• _What you will do_
The reply should hold only the lines below from the one with "Foresta misteriosa nella" to the end, each copied exactly.

START Information

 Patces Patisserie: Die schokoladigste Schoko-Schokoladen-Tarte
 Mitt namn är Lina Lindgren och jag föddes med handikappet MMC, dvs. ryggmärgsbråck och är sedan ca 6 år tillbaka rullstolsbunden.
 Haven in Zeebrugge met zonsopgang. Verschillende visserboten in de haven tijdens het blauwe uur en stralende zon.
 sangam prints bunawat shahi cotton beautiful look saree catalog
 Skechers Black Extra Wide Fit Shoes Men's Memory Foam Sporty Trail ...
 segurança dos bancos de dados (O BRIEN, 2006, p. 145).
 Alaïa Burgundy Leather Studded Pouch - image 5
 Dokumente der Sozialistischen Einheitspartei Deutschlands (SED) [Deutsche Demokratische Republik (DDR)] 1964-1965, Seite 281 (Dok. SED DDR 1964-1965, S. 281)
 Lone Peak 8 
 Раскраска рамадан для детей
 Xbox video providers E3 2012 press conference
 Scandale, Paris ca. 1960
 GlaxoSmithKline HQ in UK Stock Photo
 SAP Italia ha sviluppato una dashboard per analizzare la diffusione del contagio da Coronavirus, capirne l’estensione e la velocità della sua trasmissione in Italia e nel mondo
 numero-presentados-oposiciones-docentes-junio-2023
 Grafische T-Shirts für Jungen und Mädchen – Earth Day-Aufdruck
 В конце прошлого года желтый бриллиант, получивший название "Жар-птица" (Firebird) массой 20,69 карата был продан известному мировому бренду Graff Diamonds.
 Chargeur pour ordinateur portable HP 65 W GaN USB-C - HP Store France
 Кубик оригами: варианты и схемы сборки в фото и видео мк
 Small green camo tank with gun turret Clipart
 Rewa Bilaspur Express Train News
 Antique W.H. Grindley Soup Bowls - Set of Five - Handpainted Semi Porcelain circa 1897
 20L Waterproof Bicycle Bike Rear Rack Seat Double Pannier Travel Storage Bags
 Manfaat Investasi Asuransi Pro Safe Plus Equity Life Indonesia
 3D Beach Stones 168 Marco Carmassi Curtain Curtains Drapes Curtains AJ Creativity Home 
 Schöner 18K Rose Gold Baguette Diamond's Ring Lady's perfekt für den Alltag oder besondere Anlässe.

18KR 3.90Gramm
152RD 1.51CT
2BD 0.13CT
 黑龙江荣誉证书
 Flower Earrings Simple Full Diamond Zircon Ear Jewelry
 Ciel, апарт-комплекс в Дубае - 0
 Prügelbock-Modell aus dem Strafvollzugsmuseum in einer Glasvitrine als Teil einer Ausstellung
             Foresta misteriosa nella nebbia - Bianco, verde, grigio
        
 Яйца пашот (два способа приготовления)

END Information

• _Exercise answer_
             Foresta misteriosa nella nebbia - Bianco, verde, grigio
        
 Яйца пашот (два способа приготовления)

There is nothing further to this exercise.